### Data for the task
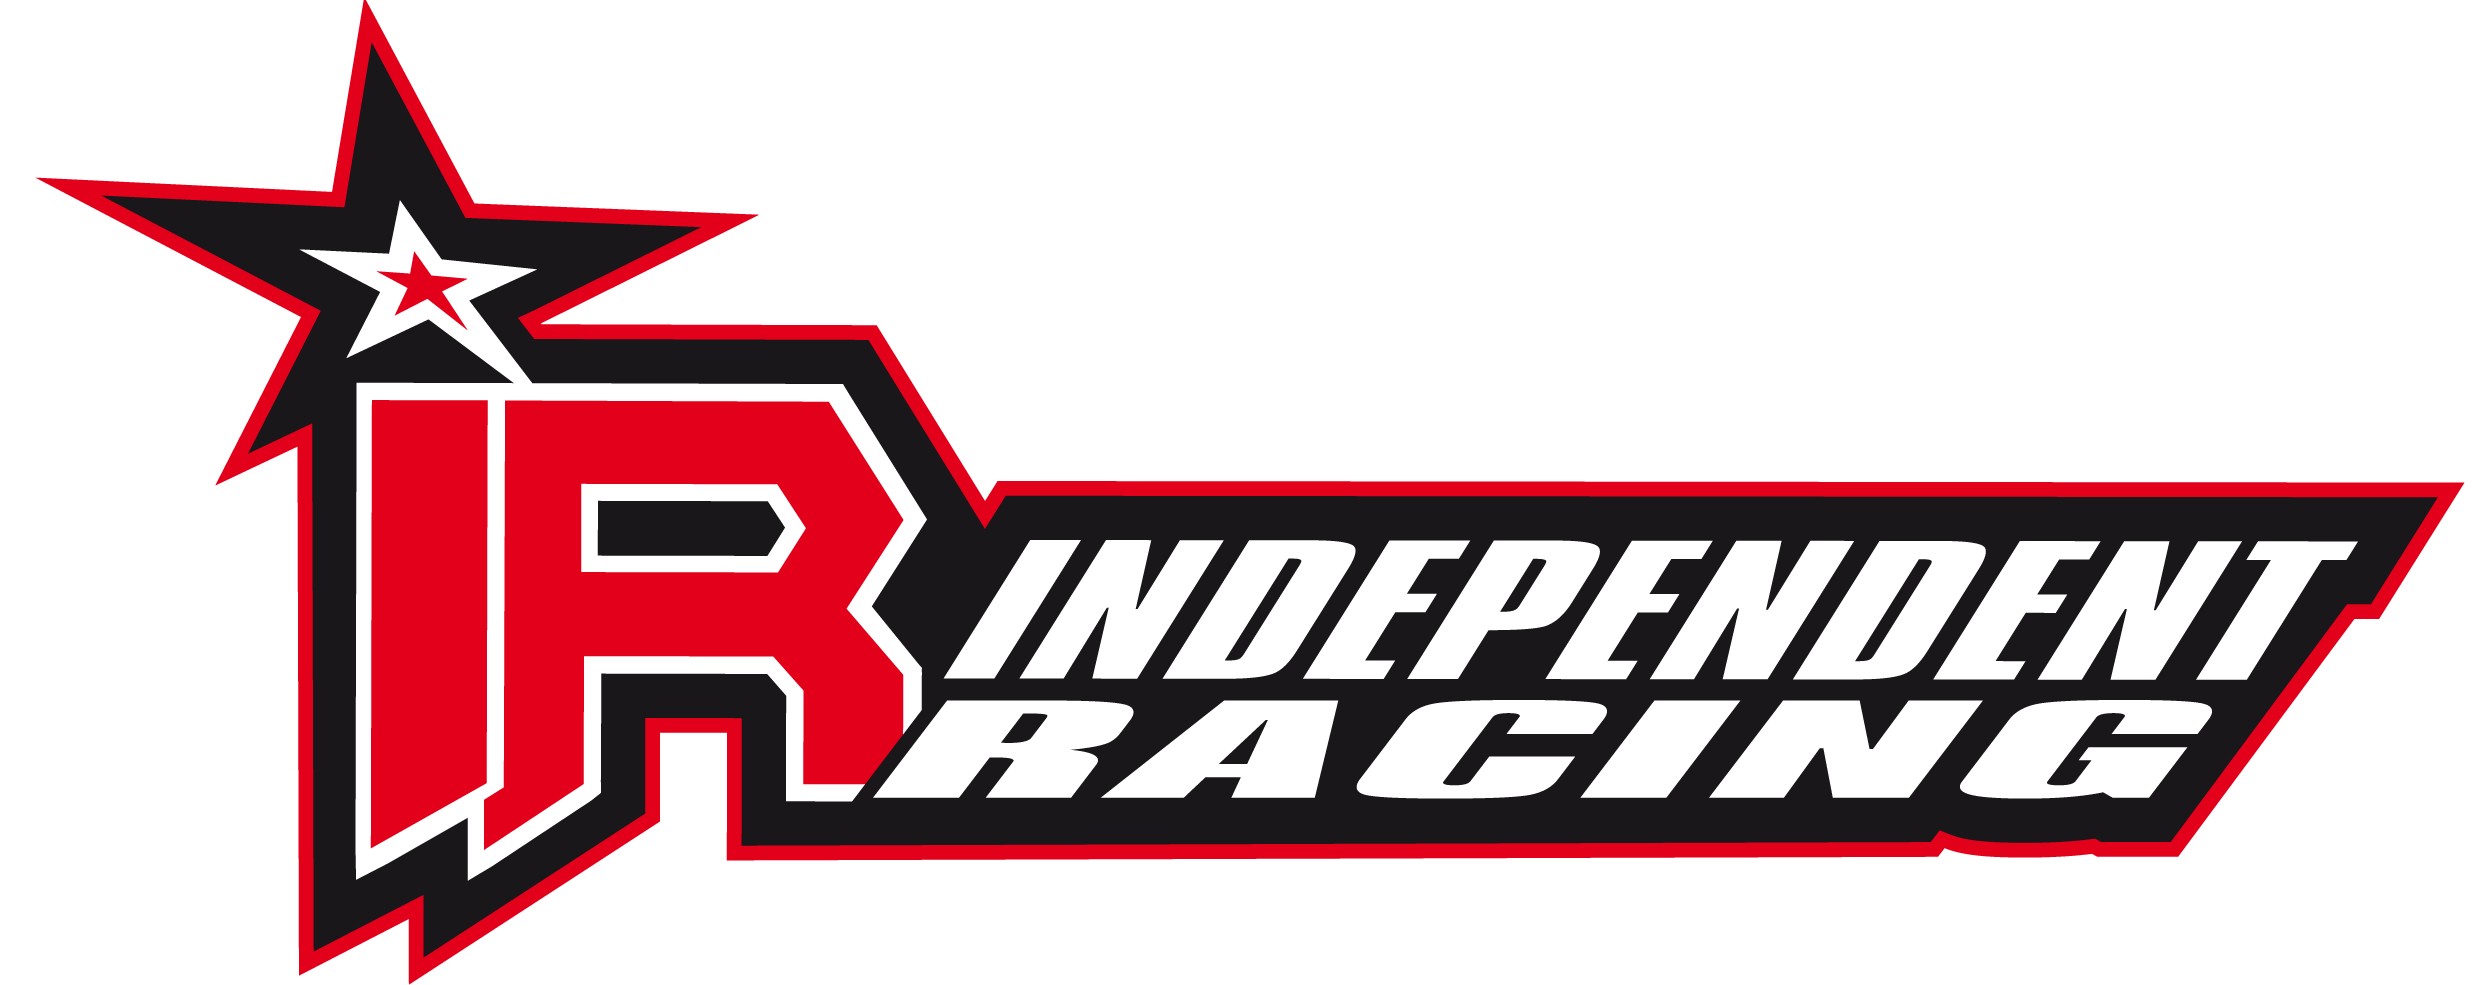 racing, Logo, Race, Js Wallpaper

...

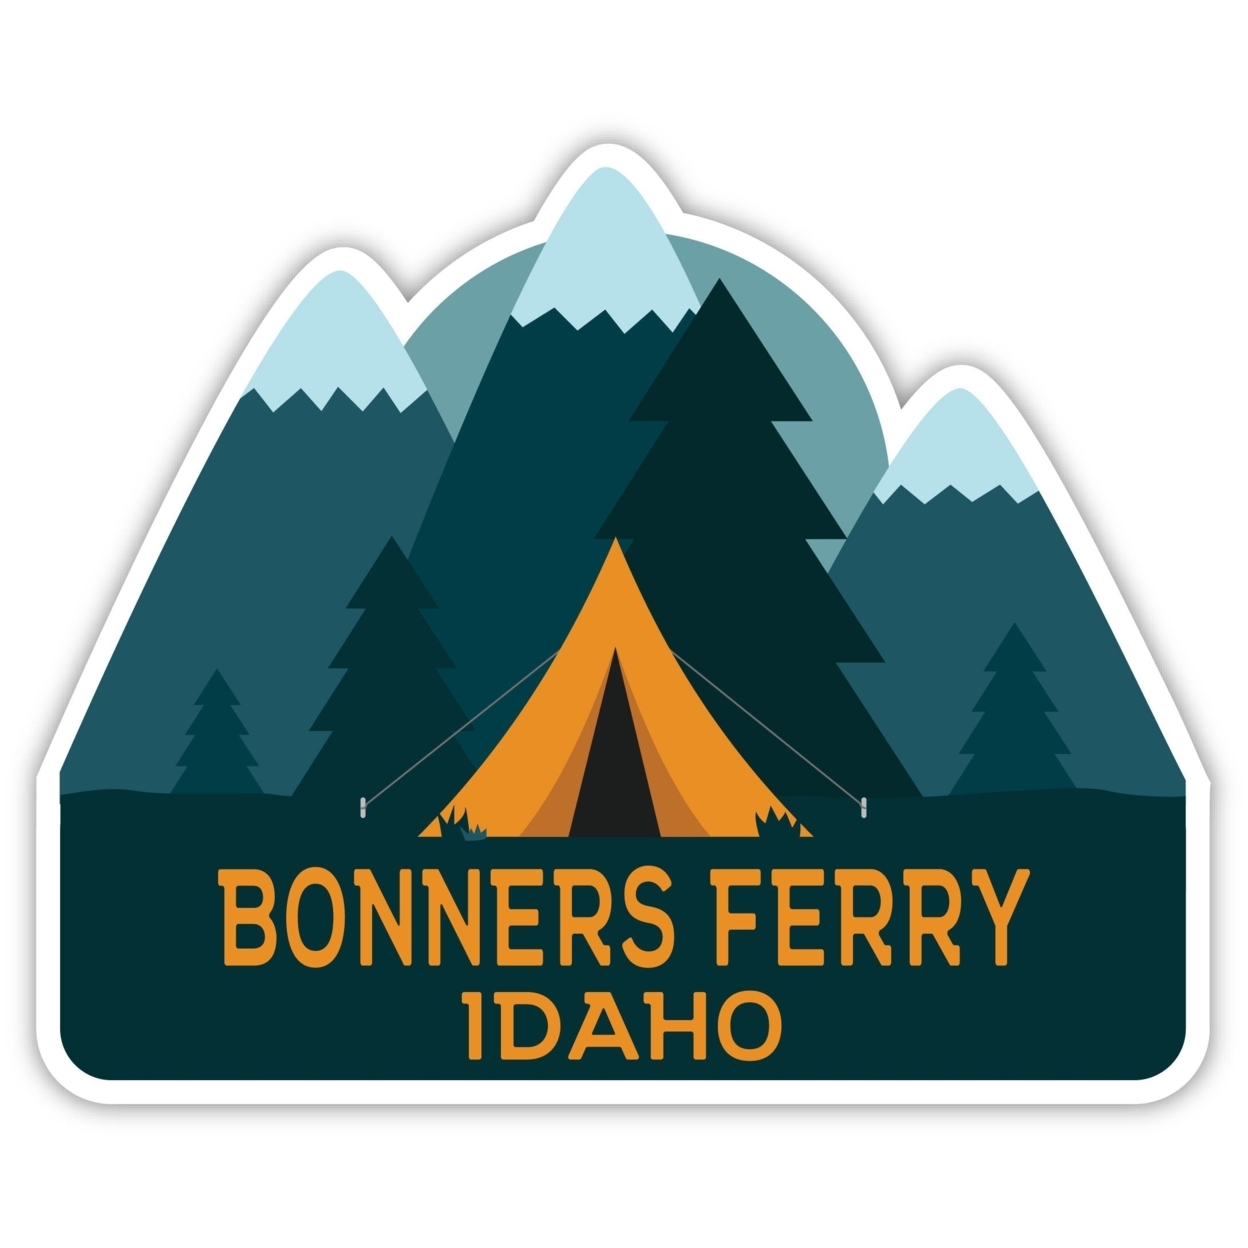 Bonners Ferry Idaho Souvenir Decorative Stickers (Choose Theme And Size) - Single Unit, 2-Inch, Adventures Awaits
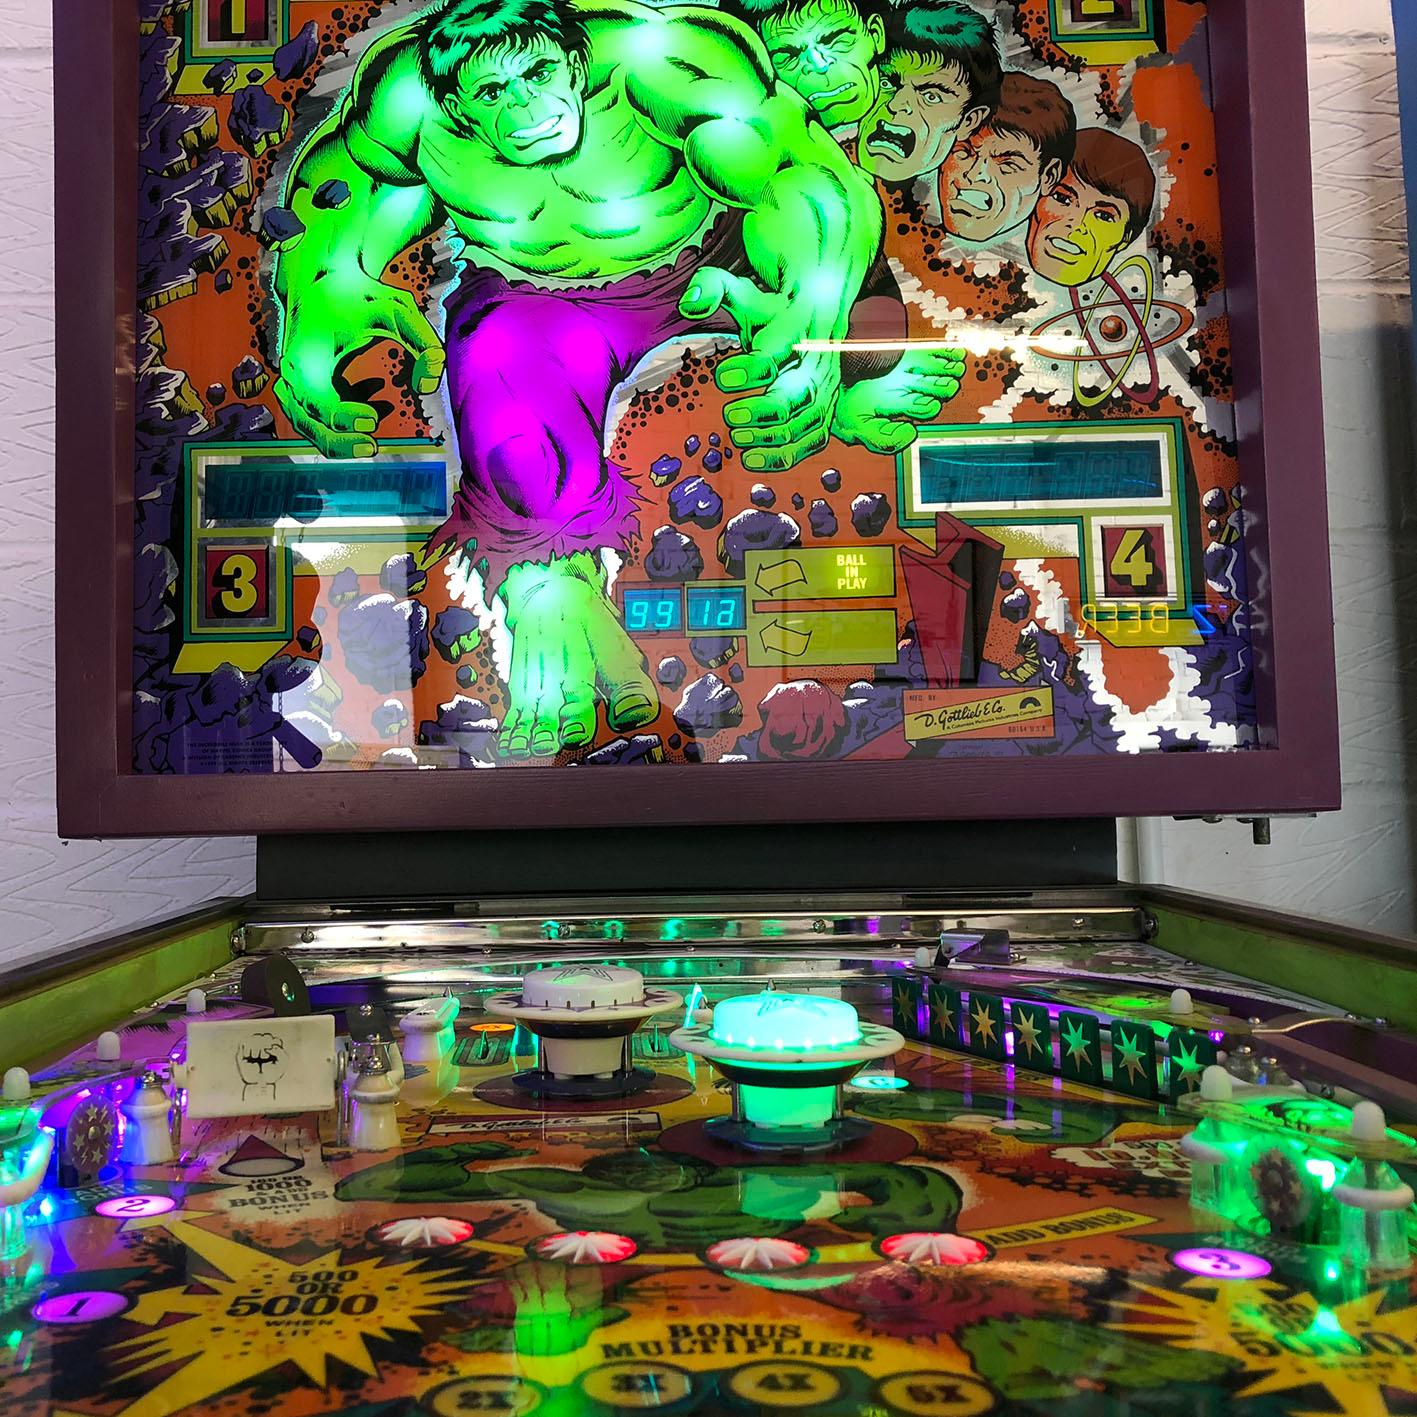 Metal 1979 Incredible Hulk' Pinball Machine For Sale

--

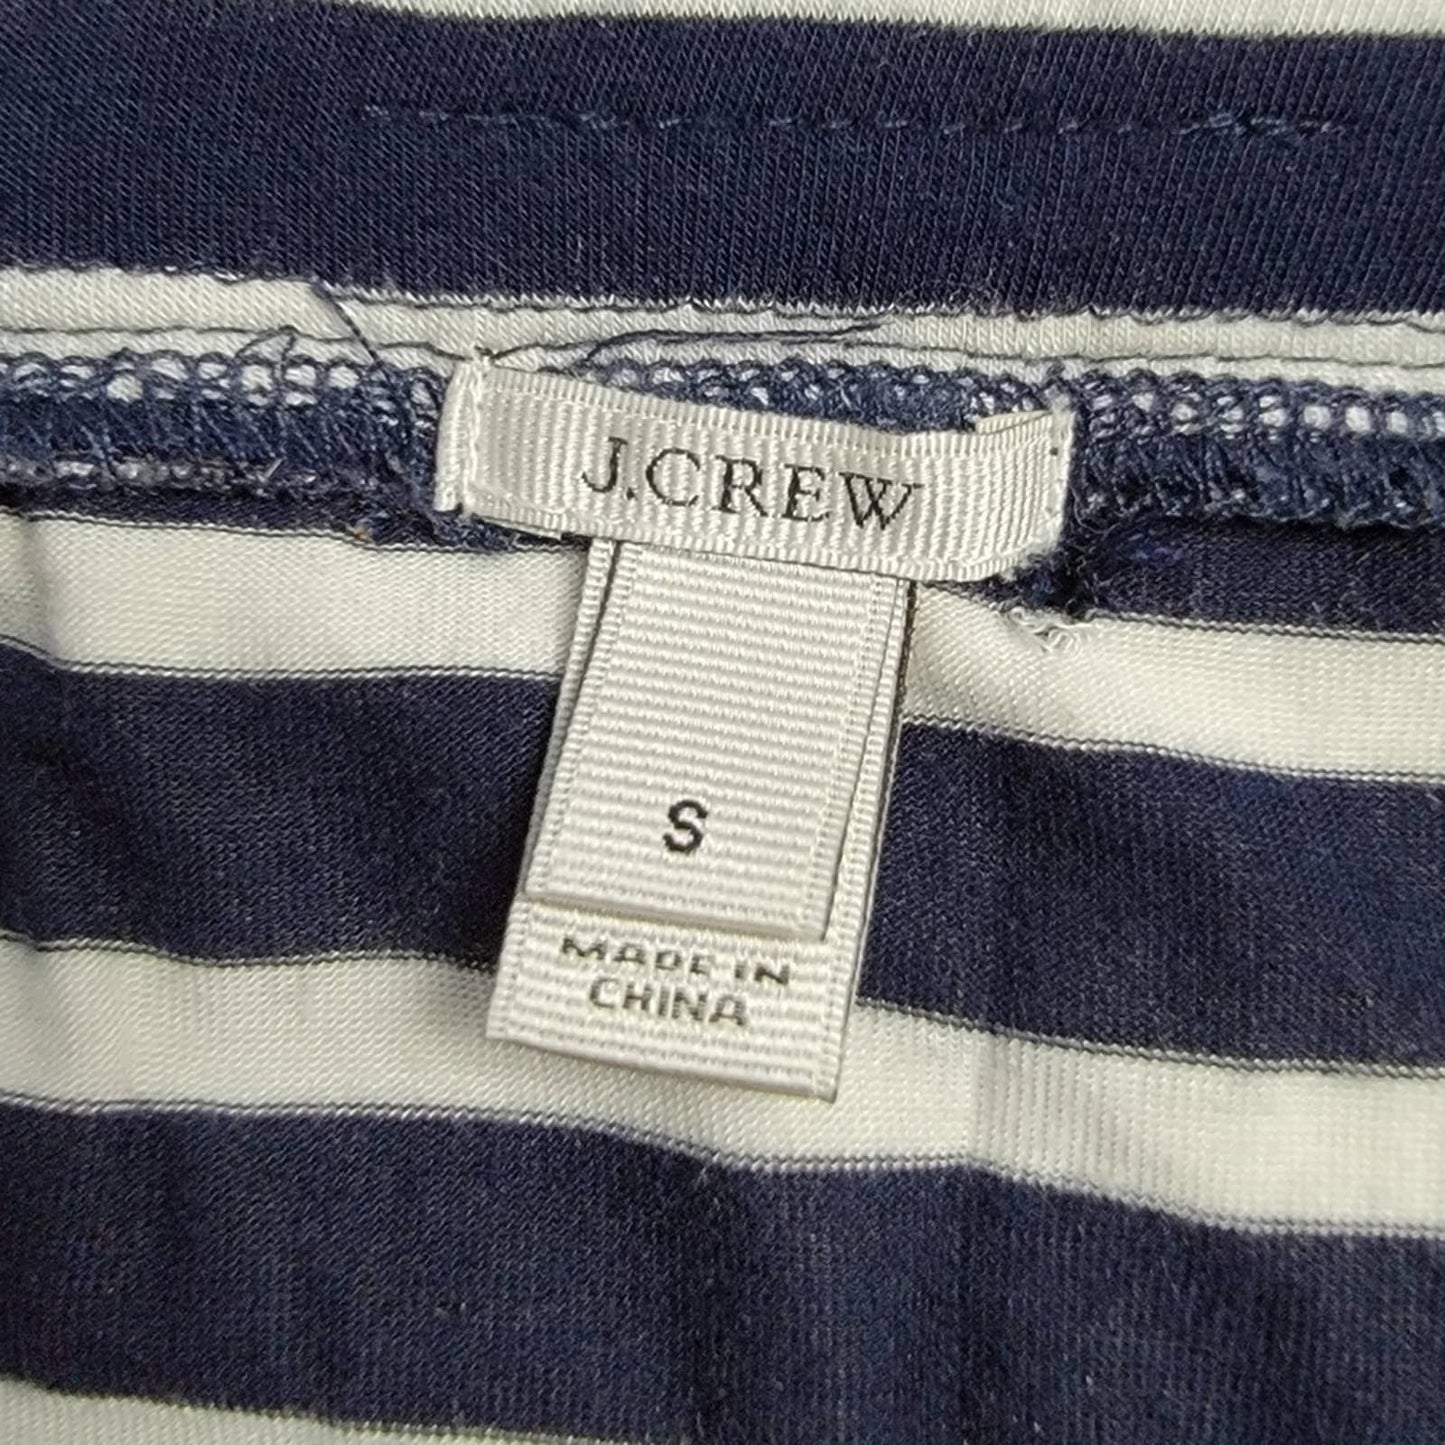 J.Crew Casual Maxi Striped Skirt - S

### Task directions
Above is the material; set down exactly its lines from the one containing "Bonners Ferry Idaho" down to the one containing "Metal 1979 Incredible", both included, leaving out any pictures.

### Worked solution
 Bonners Ferry Idaho Souvenir Decorative Stickers (Choose Theme And Size) - Single Unit, 2-Inch, Adventures Awaits
 Metal 1979 Incredible Hulk' Pinball Machine For Sale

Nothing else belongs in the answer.